Status
Current state: Pre-release
Discussion thread: here (<- link to https://mail-archives.apache.org/mod_mbox/flink-dev/)
JIRA:
Released: unreleased
Please keep the discussion on the mailing list rather than commenting on the wiki (wiki discussions get unwieldy fast).
Motivation
A crossGroup operation is performed in most non-iterative Gelly algorithms including the similarity measures AdamicAdar and JaccardIndex and as well as TriangleListing as a basis for clustering algorithms. Work is in-progress to add bipartite support and each of the four projection methods will perform a crossGroup. A built-in operator will greatly reduce the complexity of these and future algorithm implementations both in Gelly and for all Flink users.

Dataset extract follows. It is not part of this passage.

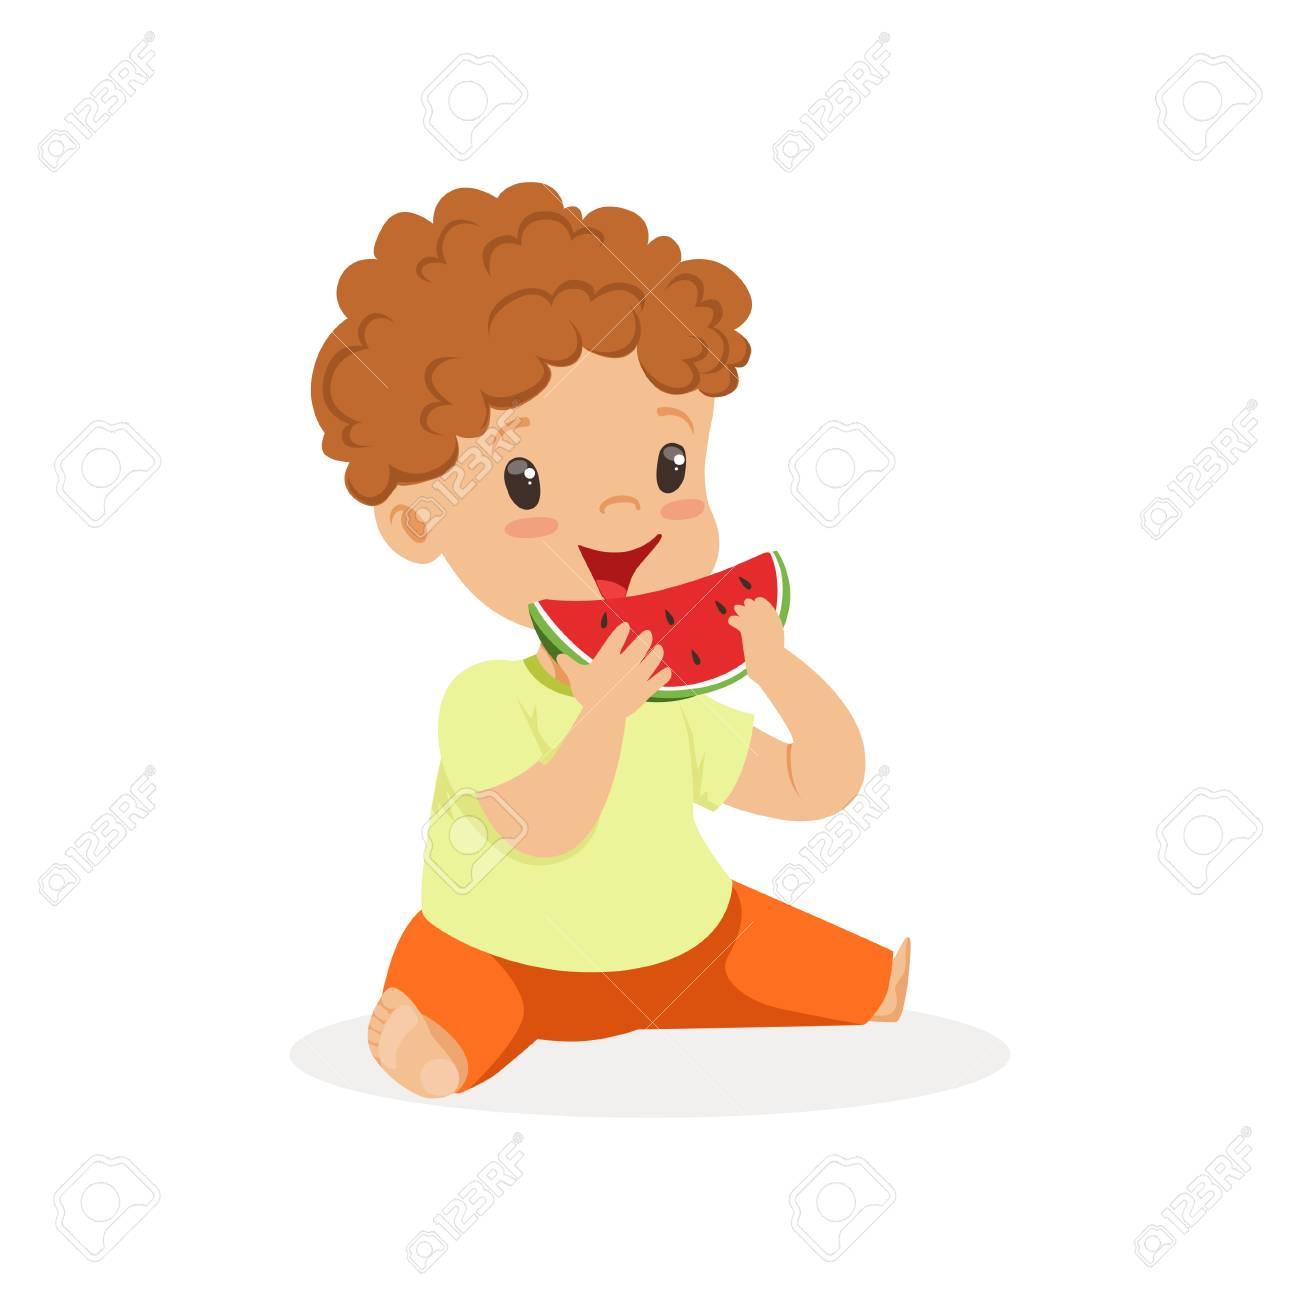 Mignon Petit Personnage De Garçon Rousse Appréciant Manger Vecteur

crossGroup as a new operator will (as noted in FLINK-1267) work in lieu of reduceGroup (as in TriangleListing), which is memorybound and requires disabling object reuse or a type parameter implementing CopyableValue, or a self-join, which duplicates the input and builds the full Cartesian product. The crossGroup operator can also optionally reduce the data skew caused by the quadratic expansion of group pairs (for a group of size n this is either n^2 for the full Cartesian product or (n choose 2) for distinct pairs).
Public Interfaces
GroupCrossFunction similar to CrossFunction but bound to one input type parameter.

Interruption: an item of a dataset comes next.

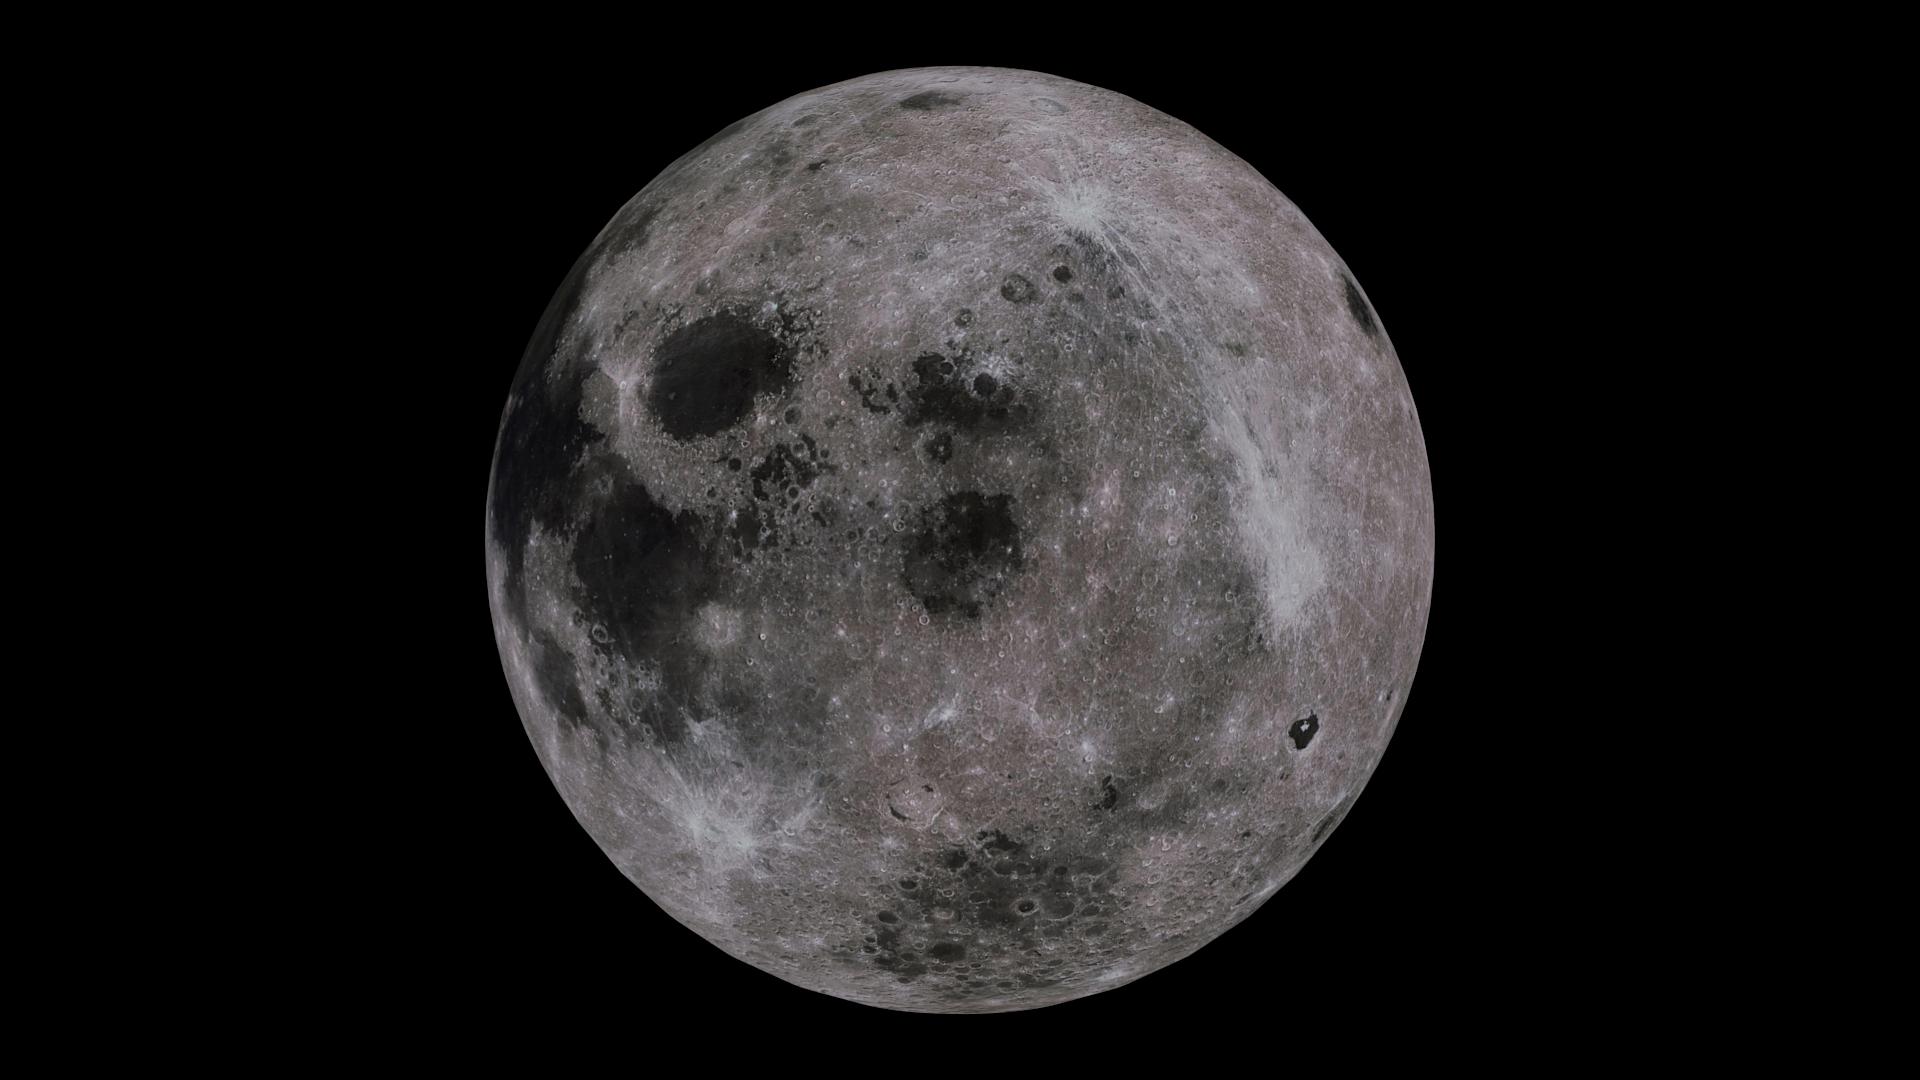 moon 4k 3d model 3ds fbx blend dae obj 210482

GroupCrossHint enum with values OPTIMIZER_CHOOSES, UNIFORM_DISTRIBUTION, SKEWED_DISTRIBUTION.
groupCross methods on SortedGrouping and UnsortedGrouping.
Proposed Changes
Compatibility, Deprecation, and Migration Plan
None required as this is a new feature.
Test Plan
JaccardIndex (skewed distribution) and TriangleListing (uniform distribution) will be ported to use the new operator and the performance compared with the current ad hoc implementations.
Rejected Alternatives
(none so far)